PFM performed on NaMnF3 thin film. (a,b) 2 μm × 2 μm images with PFM amplitude (color) overlaid on the surface topography. The two images were taken at two different AC driving frequencies. (c) Frequency dependence of PFM amplitude measured at three different positions as marked in (b). The spatial variation of the resonance frequency (f 0 ) leads to the non-uniform PFM response imaged.

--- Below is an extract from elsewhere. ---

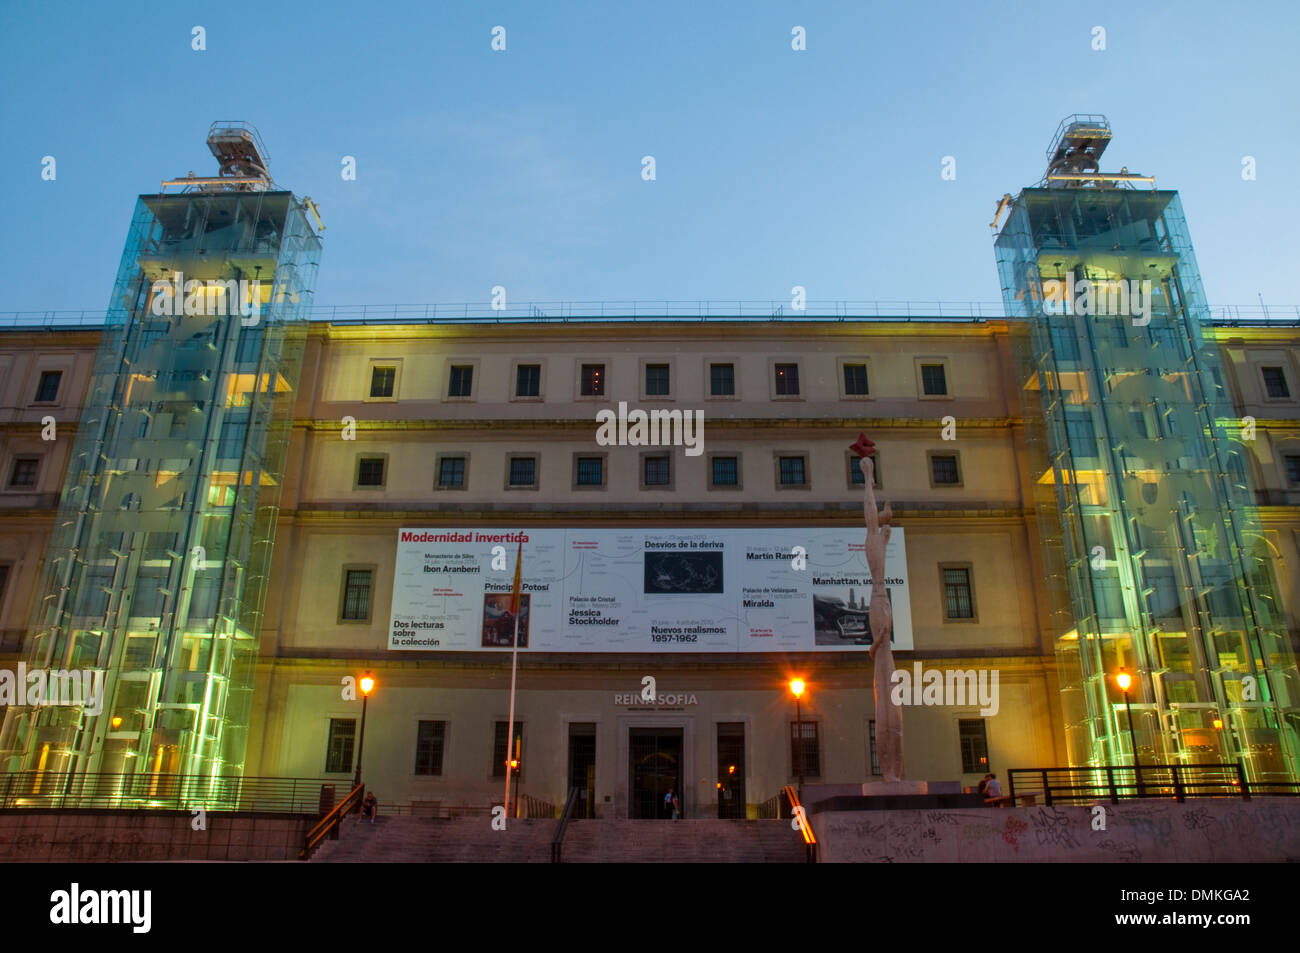 Facade of Art Center Reina Sofia National Museum, night view. Madrid, Spain. Stock Photo
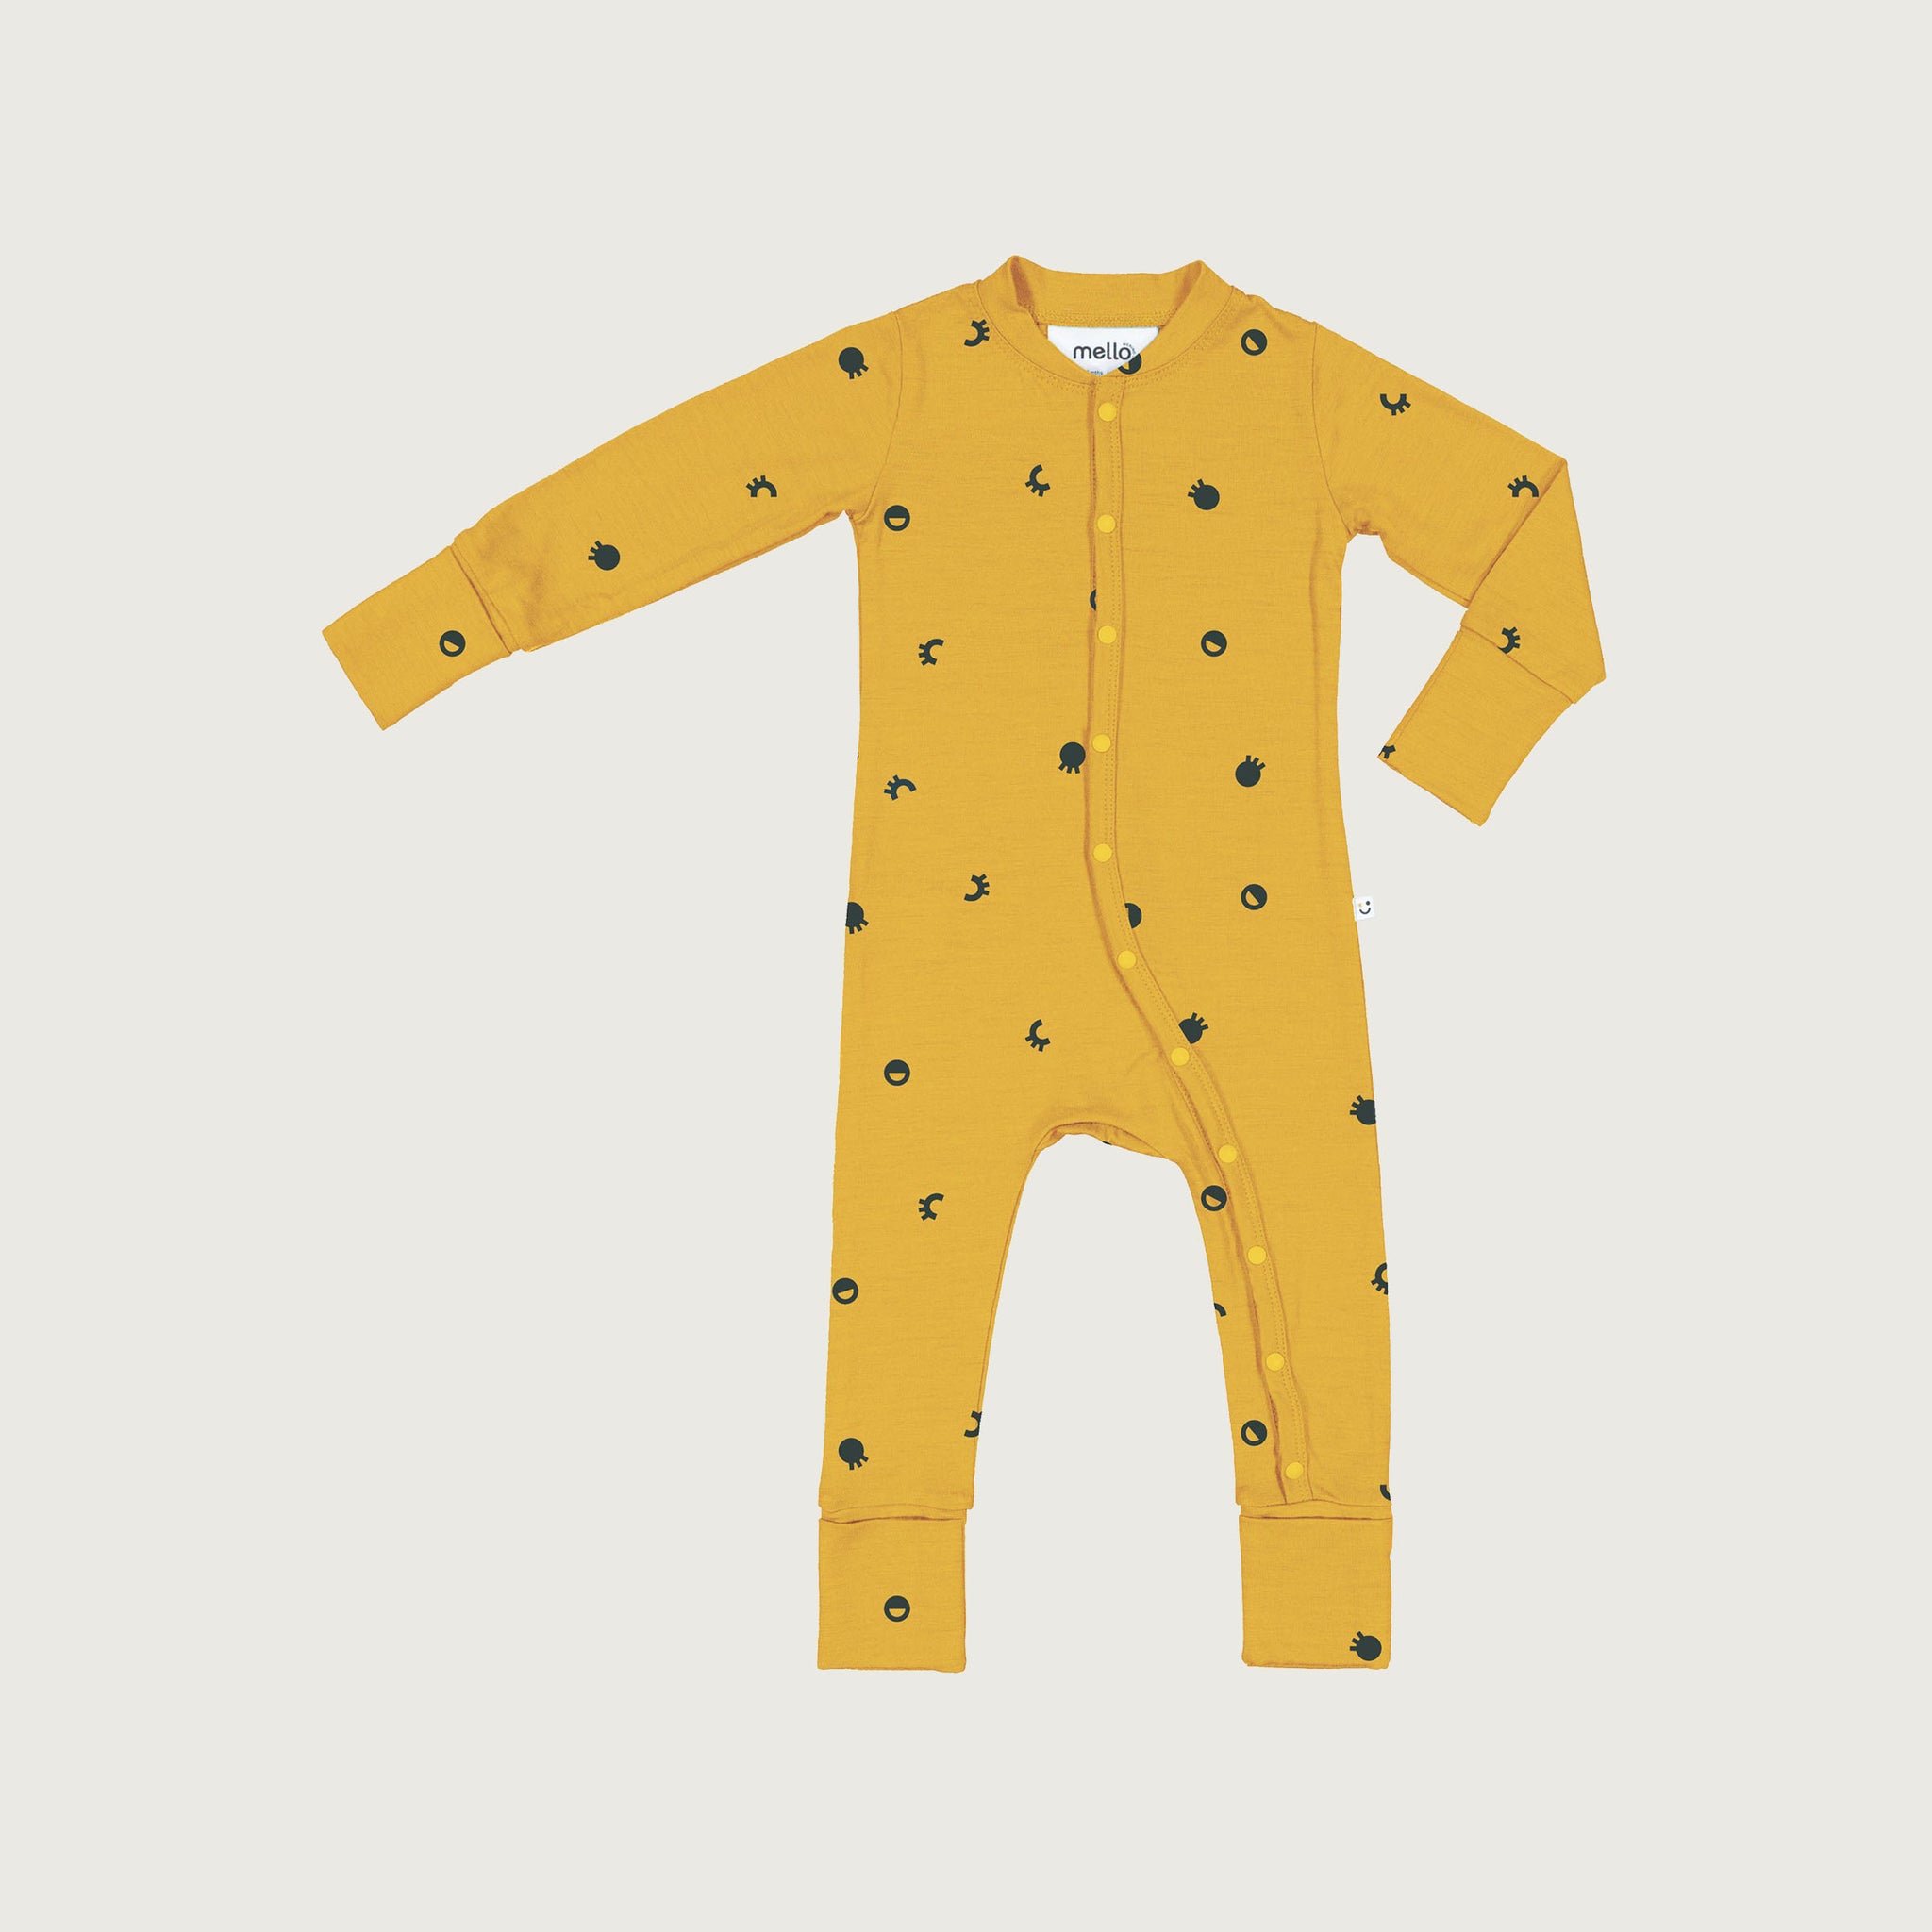 Merino baby sleepsuit canary yellow with print

Ferroelectric switching and built-in field

To investigate the ferroelectric properties, we conducted local switching experiments with biased scanning probe (Fig. 3). Starting from the as-grown film, a series of contact mode scans were performed in the same 1.5 μm square region. In each scan, a different DC probe bias (\({V}_{probe}\)) was applied. The changes of \({V}_{probe}\) followed the general sequence of 0 V \(\to \) 10 V \(\to \)−10 V \(\to \) 0 V. After each scan, a PFM image was taken at zero DC bias to assess the persistent polarization changes in the scanned region. Figure 3 shows five representative PFM images taken during the 0 V \(\to \) 10 V ramp (0.5 V, 1 V, 3 V) and 10 V \(\to \)−10 V ramp (−0.2 V, −0.4 V) where a clear 180° phase shift can be seen. Other typical ferroelectric characteristics, including the minimum PFM amplitude occurring during switching and at the boundary of switched area (Fig. 3), were also observed26,27,28.

Figure 3
figure 3

Ferroelectric switching by biased scanning probe. PFM amplitude (top) and phase (bottom) images of a 3 μm × 3 μm area consecutively taken after scanning over the center 1.5 μm square (marked with the dashed line) with different probe biases.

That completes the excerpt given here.